Сын Гостя прошел половину острова и вышел на север к океанскому берегу. Вместе с урасою, оленями, собаками и имуществом он перенес сюда шесть пар желтых, как зубы старого якута, бивней мамонта. Он обошел озера, ручьи и бурные потоки острова, обнажившие свои берега, ища по ним добычу. Иногда, найдя один крутой, как рог, и длинный, как два человеческих роста, едва подъемный для силы одного человека мамонтов бивень, он опускался в холодные стремительные потоки реки или покойные воды озера, отыскивая парный бивень. Он проводил здесь долгий день, скрипел зубами от холода и выплевывал кровь.

С ним бродили собаки. В поисках костей неведомых животных старый и умный пес, тоскуя от бессилия, учился охоте на мертвых. Иногда он нападал на след парного бивня или вынюхивал близость тысячелетней могилы и тогда выл, и метался, радуясь своей понятливости; иногда же только тоскливо следил за хозяином и глухо ворчал и выл, когда тот нырял на дно озера и показывался с пустыми руками.

Крутые склоны океанского берега были дики и бесплодны. Волны океана точили его, а набухшие водою ледяные скалы, промываемые волнами, оставляли свежие язвы в бурых берегах. Сползавшие с берега ручьи вымывали глубокие раны в глинистом теле земли, веками промерзшей до твердости железа.

Сын Гостя раскинул урасу на берегу и перечел бивни. Ваненок считал тридцать пар лебяжьих шкурок и смотрел с презрением на желтые крепкие кости, охраняемые псом.

Сын Гостя сказал, одеваясь в путь:

Русские знают цену вещам, а якут отдает три шкуры голубого песца за один медный чайник, потому что он ему нужен. Русский берет шкуры, которые ему не нужны, и получает за них два десятка чайников! Русские хитры, но у якута не отнял никто разум!

— Дорога та вещь, которая мне нужна сейчас, — ответил Ваненок. — Якут думает так и потребует избу за шкуру лисицы, когда ему нужна изба!

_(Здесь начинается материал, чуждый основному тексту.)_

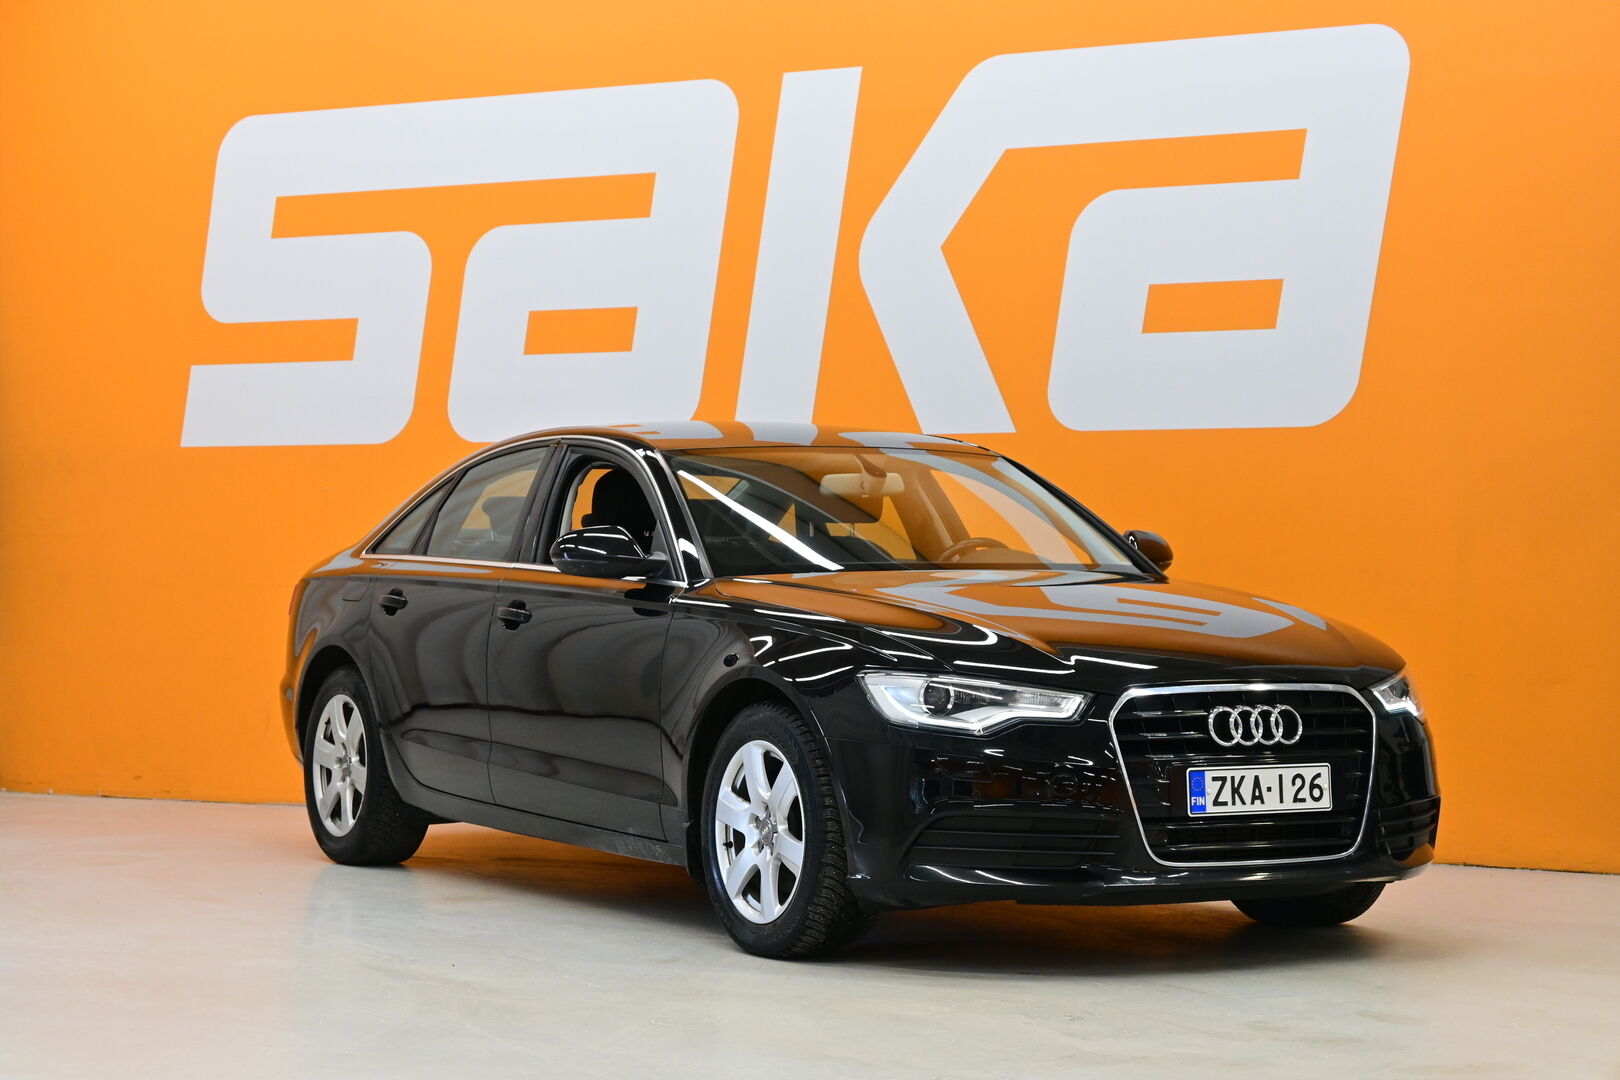 Musta Sedan, Audi A6 – ZKA-126

— И он не получит! — сурово оборвал его Сын Гостя и прибавил: Пусть мать разводит огонь! Льды ушли на дно океана, потому что зима близко! А я не прошел еще другой половины острова!

В первую стоянку на северном берегу Сын Гостя ушел перед рассветом. Белая ночь светло тлела над миром, и туман подымался отовсюду. Лаская старого пса, Сын Гостя шел тихо, опираясь на деревянный кол, заменявший ему лом и лопату в охоте на мертвые кости. Пес скулил жалобно, вынюхивая землю, за ним подвывая плелись собаки.

Сын Гостя спустился на дно ложбины, вымытой ручьем. Там в белых сумраках ночи что-то возилось, хрипя и ворча. Псы круглыми шарами скатились вниз. Сын Гостя спустился к ним и узнал одну из своих молодых собак, исчезнувшую с утра. Пес рвал из земли, едва оттаявшей на четверть, куски мяса и шерсти. Он хрипел и стонал, напрасно стараясь выволочить из земли находку.

Сын Гостя отогнал собак и стал копать землю.

Под разорванными клочьями шерсти виднелось темнокрасное мясо. Оно было твердо, как камень, но оттаивало под зубами пса и ползло на длинные волокна, как вяленое.